■ WHAT YOU SHOULD DO:
Please write out every line of the listing without alteration, but omit the images.

■ DATA SEGMENT:
--*--

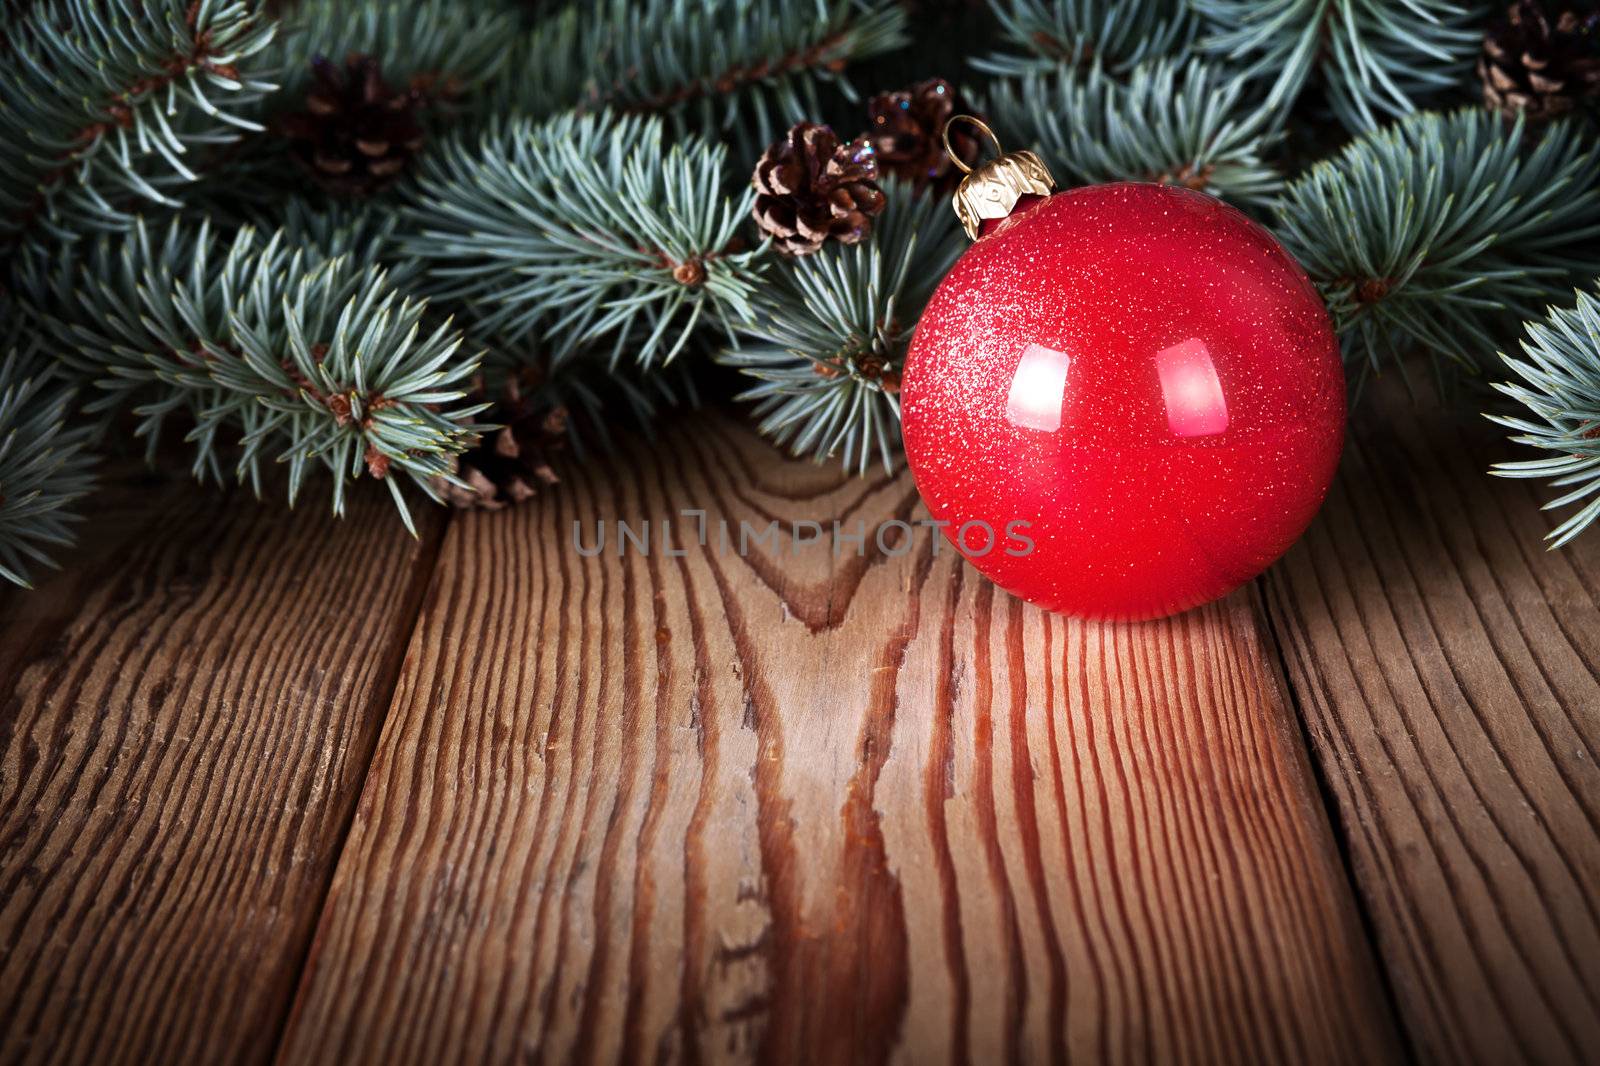 Red christmas ball on wooden background with branches of pine wood. Copy space
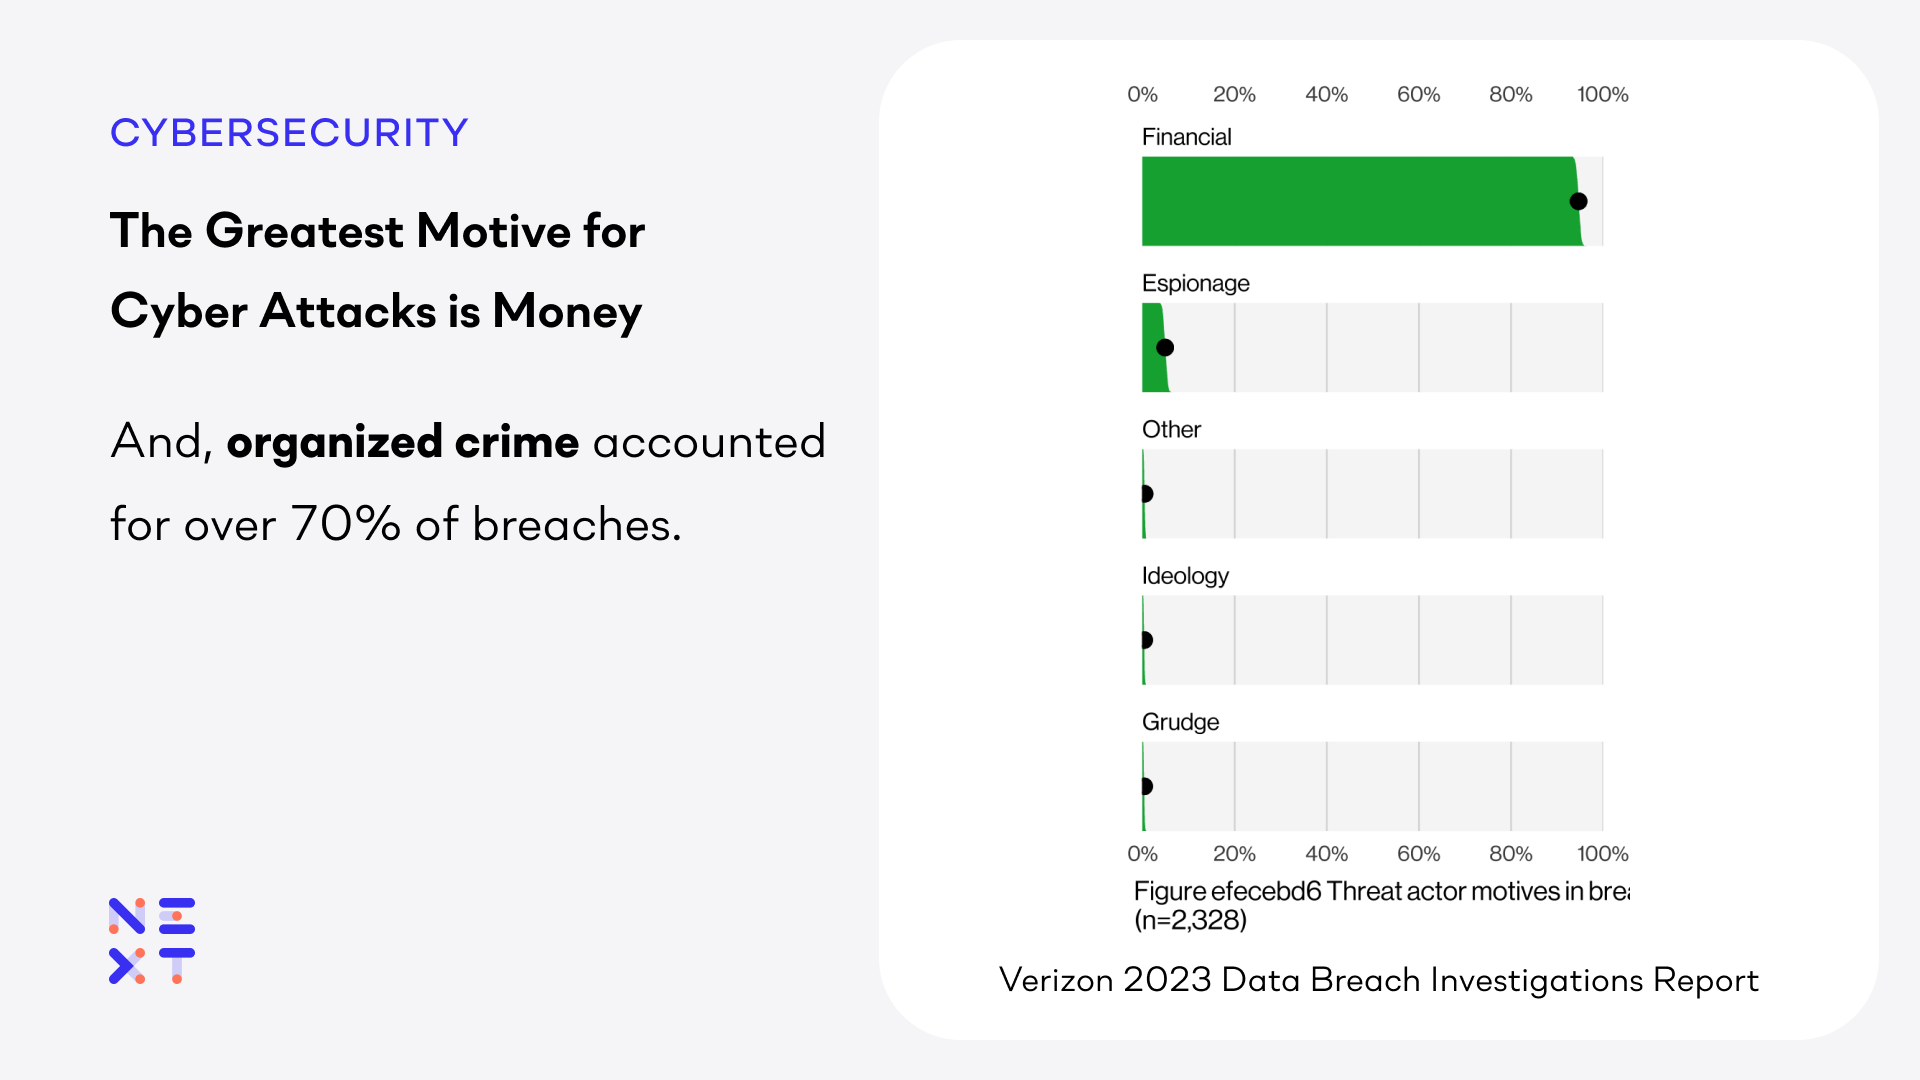 The 2023 Verizon DBIR report says the greatest motive for cyber attacks is money
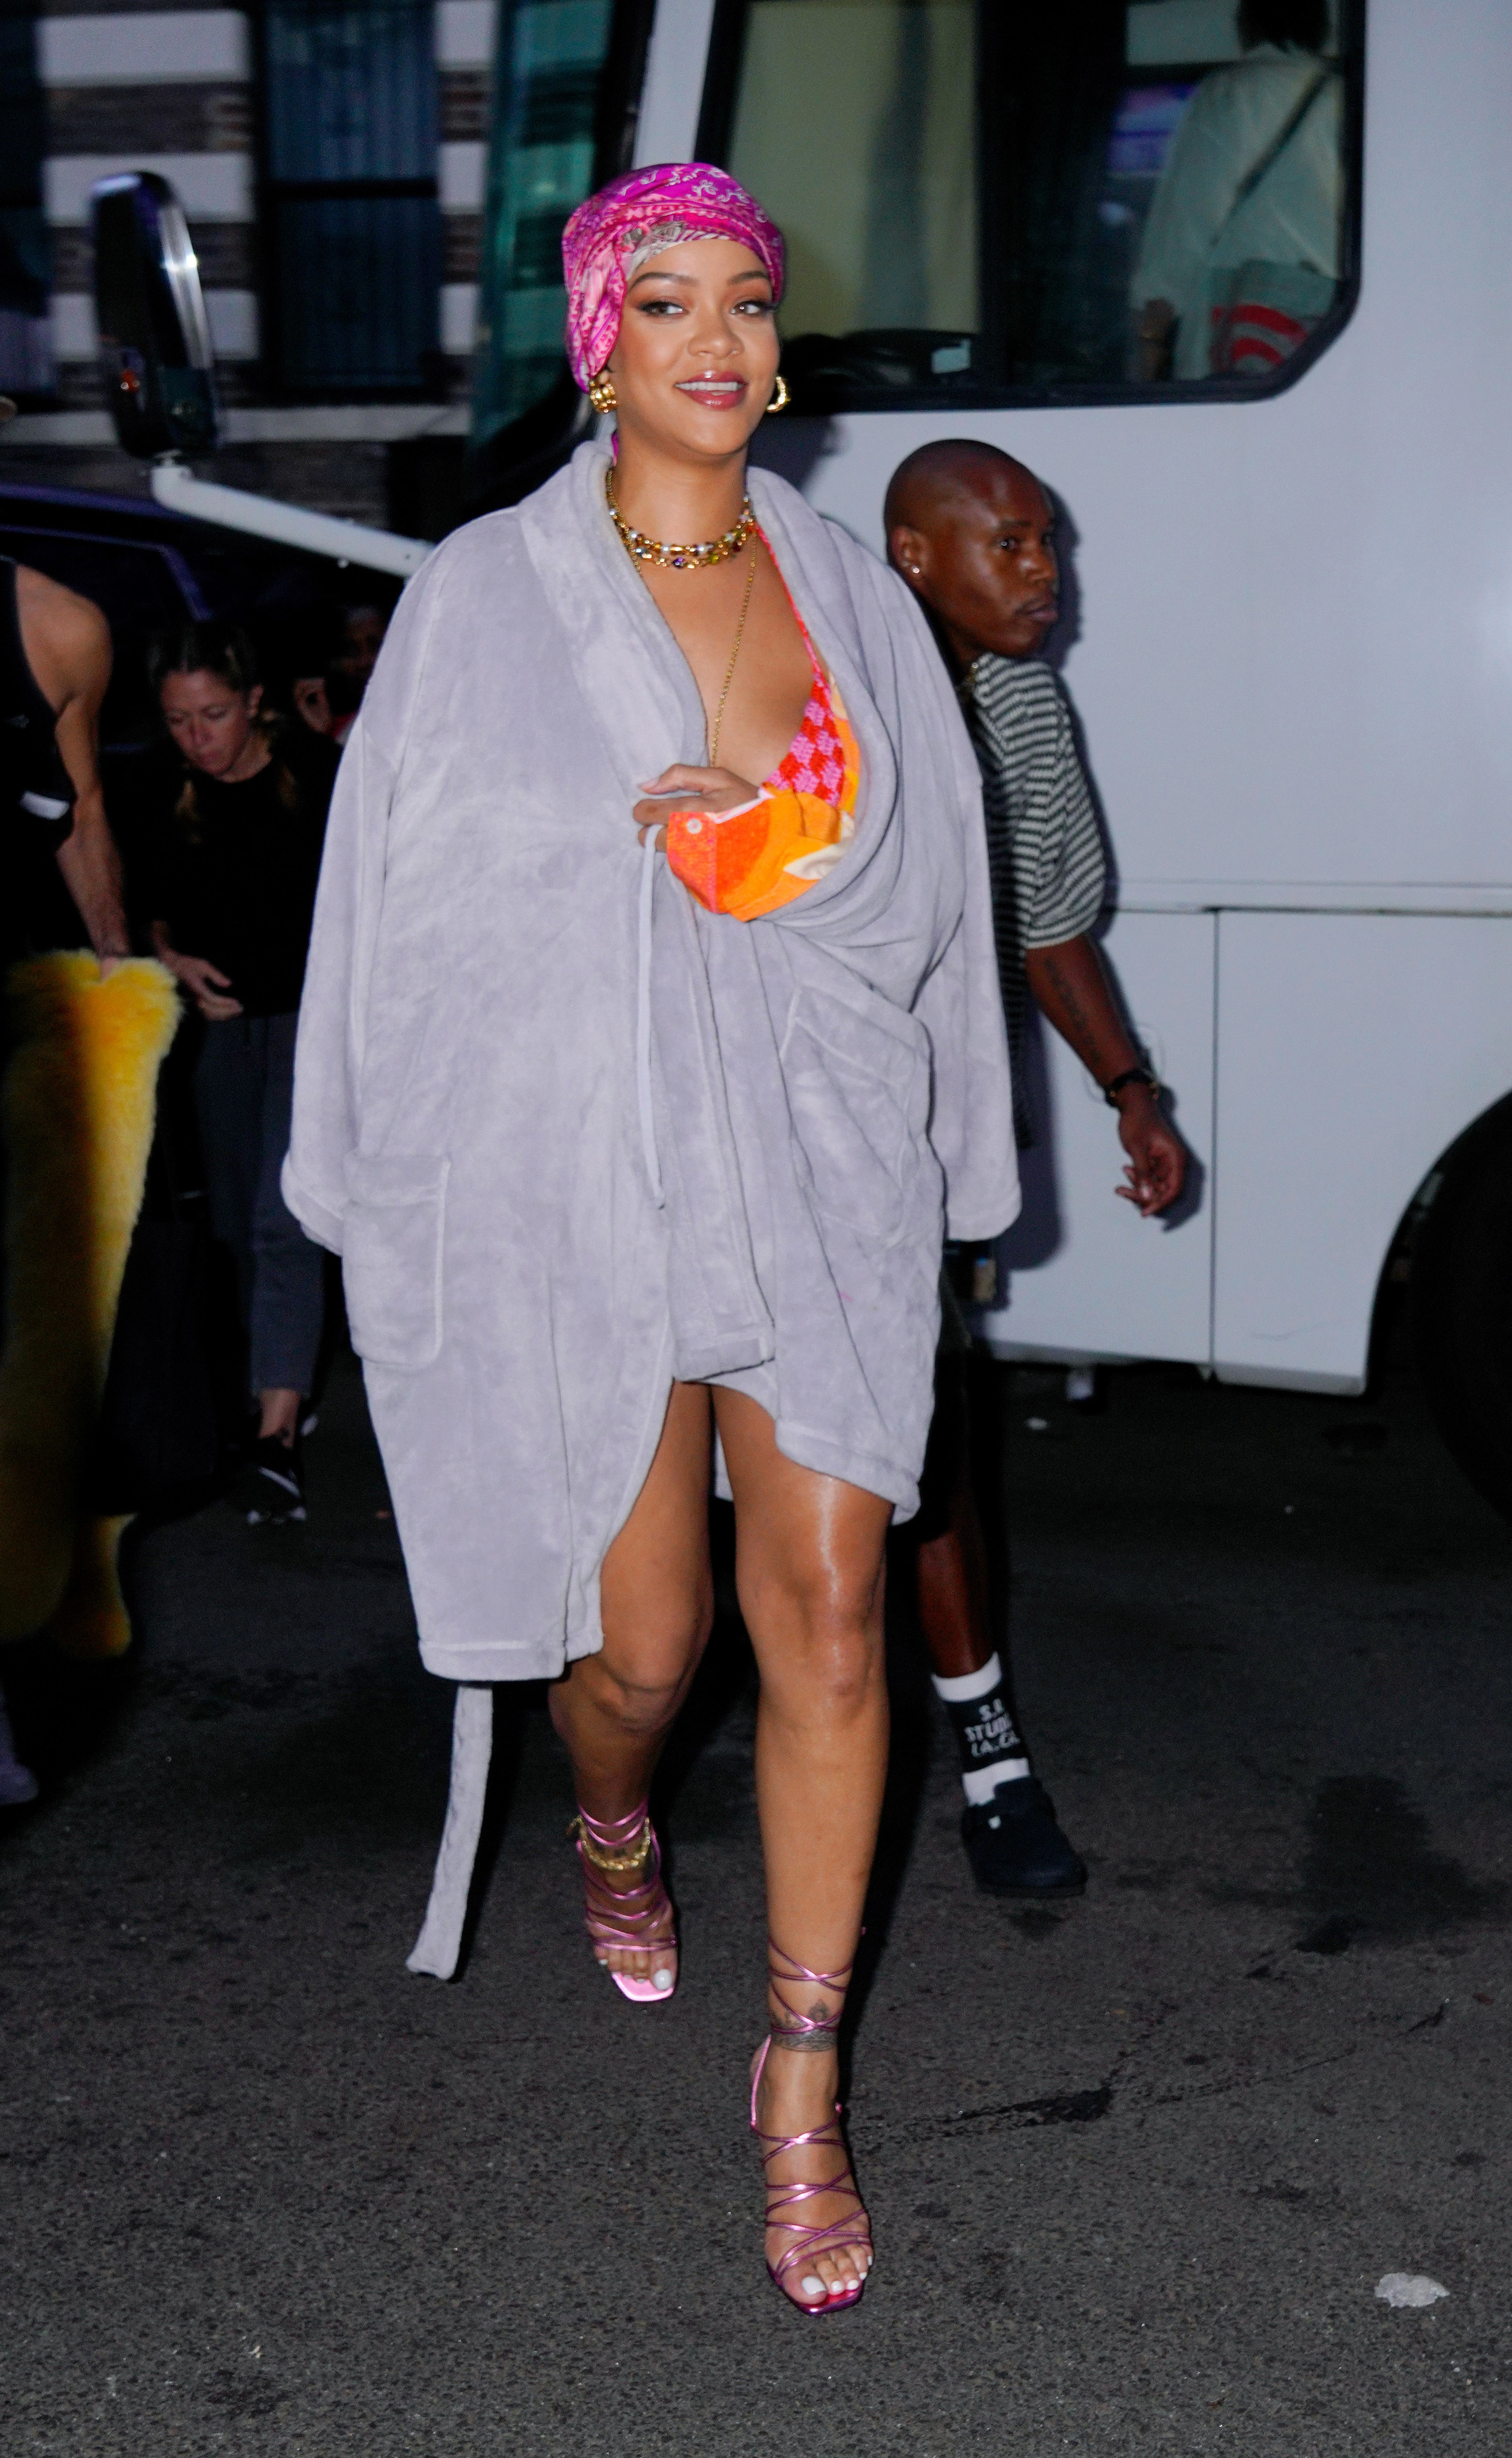 Rihanna is photographed outside in New York City in July of 2021
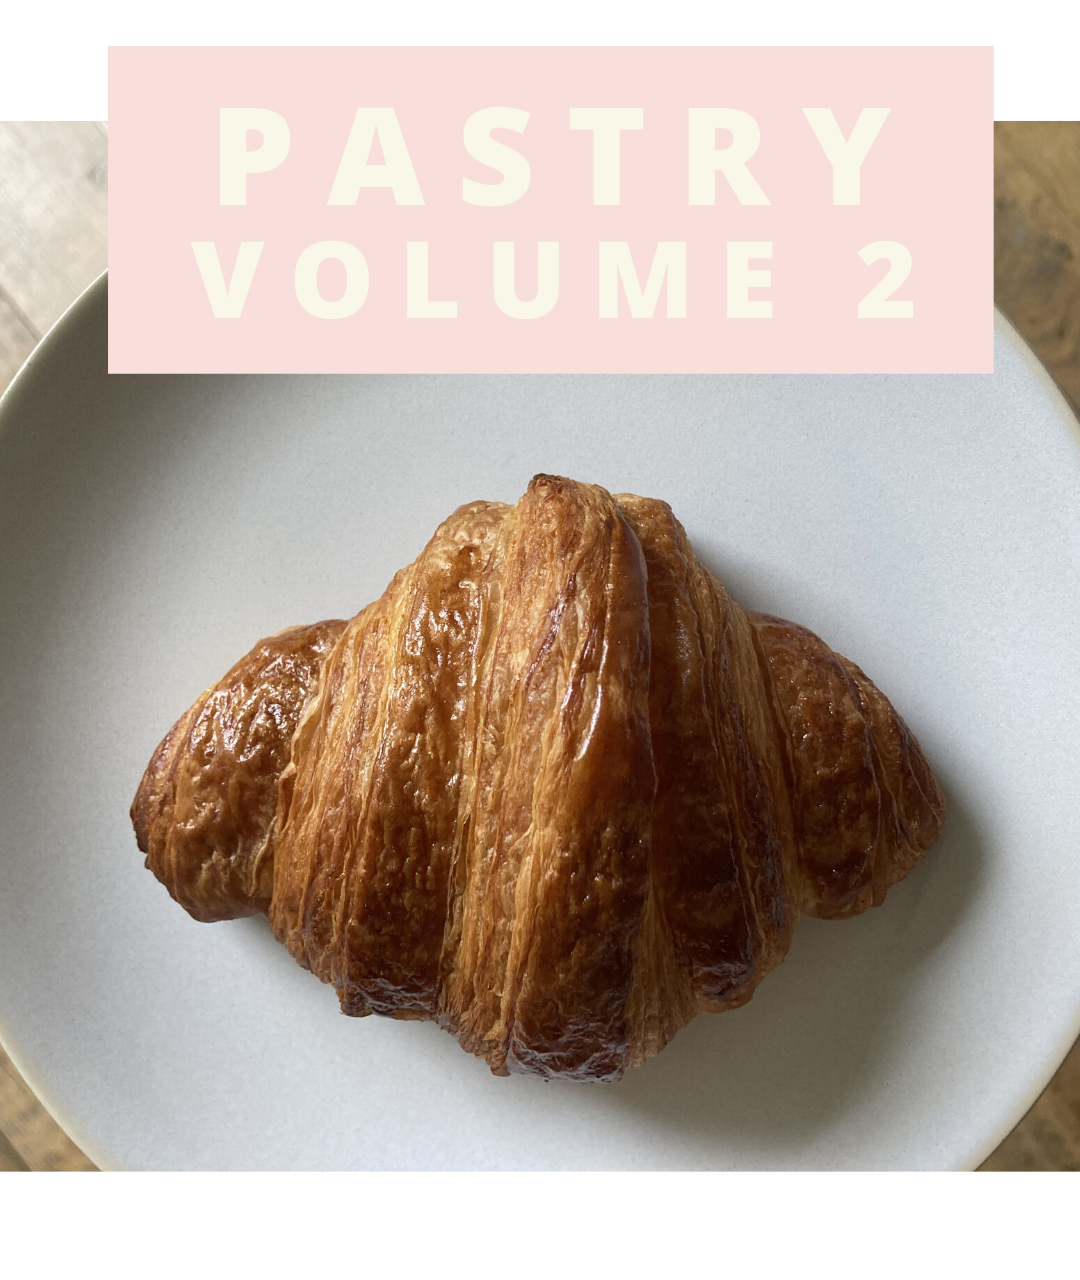 Click on the croissant to find out more

--*--

■ WRITTEN ANSWER:
 Red christmas ball on wooden background with branches of pine wood. Copy space
 The 2023 Verizon DBIR report says the greatest motive for cyber attacks is money
 Rihanna is photographed outside in New York City in July of 2021
 Click on the croissant to find out more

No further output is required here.